[DATA EXCERPTS Boundary: Start]

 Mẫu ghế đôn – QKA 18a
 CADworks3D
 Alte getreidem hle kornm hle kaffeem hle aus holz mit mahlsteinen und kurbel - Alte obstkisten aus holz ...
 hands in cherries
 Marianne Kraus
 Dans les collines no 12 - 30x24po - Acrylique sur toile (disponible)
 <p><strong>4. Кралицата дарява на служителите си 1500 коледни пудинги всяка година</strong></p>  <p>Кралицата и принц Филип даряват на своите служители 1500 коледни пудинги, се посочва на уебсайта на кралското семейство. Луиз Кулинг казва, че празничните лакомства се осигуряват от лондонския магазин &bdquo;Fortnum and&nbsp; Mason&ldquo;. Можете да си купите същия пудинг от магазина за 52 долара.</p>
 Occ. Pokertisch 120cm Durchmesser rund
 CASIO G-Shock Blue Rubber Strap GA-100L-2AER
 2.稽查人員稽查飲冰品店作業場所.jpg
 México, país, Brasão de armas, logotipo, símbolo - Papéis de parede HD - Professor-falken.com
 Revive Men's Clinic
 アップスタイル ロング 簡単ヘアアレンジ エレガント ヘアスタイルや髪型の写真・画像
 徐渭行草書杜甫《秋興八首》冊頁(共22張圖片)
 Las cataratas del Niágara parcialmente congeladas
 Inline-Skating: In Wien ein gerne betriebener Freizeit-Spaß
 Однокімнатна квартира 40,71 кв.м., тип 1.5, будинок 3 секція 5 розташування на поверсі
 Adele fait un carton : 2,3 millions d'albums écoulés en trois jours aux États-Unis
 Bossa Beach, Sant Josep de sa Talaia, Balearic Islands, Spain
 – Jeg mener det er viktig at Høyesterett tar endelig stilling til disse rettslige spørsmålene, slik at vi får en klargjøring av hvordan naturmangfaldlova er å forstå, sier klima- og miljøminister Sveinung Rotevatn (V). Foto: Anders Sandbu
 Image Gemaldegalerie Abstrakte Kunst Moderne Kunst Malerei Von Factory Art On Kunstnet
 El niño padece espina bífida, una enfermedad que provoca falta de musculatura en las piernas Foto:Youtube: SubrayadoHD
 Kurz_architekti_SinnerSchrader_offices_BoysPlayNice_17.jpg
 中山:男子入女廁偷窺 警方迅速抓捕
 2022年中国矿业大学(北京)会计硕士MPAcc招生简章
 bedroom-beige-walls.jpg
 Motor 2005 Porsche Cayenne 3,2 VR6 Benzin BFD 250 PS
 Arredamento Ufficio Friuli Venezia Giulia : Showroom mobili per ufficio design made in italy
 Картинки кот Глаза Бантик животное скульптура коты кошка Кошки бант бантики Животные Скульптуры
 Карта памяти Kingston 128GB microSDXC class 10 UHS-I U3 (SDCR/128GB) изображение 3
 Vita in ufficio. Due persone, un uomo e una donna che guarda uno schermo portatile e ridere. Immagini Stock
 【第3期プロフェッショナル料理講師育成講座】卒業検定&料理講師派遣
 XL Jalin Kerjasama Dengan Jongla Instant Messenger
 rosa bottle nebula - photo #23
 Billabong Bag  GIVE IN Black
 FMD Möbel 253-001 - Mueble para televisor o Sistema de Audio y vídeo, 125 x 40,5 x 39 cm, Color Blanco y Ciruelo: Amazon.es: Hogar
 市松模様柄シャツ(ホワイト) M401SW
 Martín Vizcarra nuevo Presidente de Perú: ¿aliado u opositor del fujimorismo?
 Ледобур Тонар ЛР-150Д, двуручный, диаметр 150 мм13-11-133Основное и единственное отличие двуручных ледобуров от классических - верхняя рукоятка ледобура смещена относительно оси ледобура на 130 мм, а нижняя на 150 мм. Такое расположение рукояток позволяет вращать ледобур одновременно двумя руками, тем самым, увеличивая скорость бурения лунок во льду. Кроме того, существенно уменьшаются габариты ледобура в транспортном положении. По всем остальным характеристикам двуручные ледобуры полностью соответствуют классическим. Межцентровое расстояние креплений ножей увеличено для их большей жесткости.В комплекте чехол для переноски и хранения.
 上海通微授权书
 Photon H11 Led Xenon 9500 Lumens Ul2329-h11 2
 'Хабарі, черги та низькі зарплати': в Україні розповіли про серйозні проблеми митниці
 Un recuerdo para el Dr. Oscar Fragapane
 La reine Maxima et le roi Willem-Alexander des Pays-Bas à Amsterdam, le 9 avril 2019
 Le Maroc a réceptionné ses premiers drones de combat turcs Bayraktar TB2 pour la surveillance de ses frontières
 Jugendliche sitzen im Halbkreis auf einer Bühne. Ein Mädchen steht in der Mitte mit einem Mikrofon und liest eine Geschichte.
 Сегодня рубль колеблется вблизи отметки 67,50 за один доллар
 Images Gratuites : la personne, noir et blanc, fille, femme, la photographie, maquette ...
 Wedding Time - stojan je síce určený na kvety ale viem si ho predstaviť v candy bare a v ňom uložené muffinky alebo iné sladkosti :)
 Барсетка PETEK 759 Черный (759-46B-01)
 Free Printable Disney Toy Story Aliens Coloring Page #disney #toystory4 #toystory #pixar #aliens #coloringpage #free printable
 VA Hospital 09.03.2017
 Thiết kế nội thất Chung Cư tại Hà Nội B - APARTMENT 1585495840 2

[DATA EXCERPTS Boundary: End]

EXERCISE PROMPT>
Go through the listing above. Show each line where the word "Foto" is found.

RESPONSE>
 – Jeg mener det er viktig at Høyesterett tar endelig stilling til disse rettslige spørsmålene, slik at vi får en klargjøring av hvordan naturmangfaldlova er å forstå, sier klima- og miljøminister Sveinung Rotevatn (V). Foto: Anders Sandbu
 El niño padece espina bífida, una enfermedad que provoca falta de musculatura en las piernas Foto:Youtube: SubrayadoHD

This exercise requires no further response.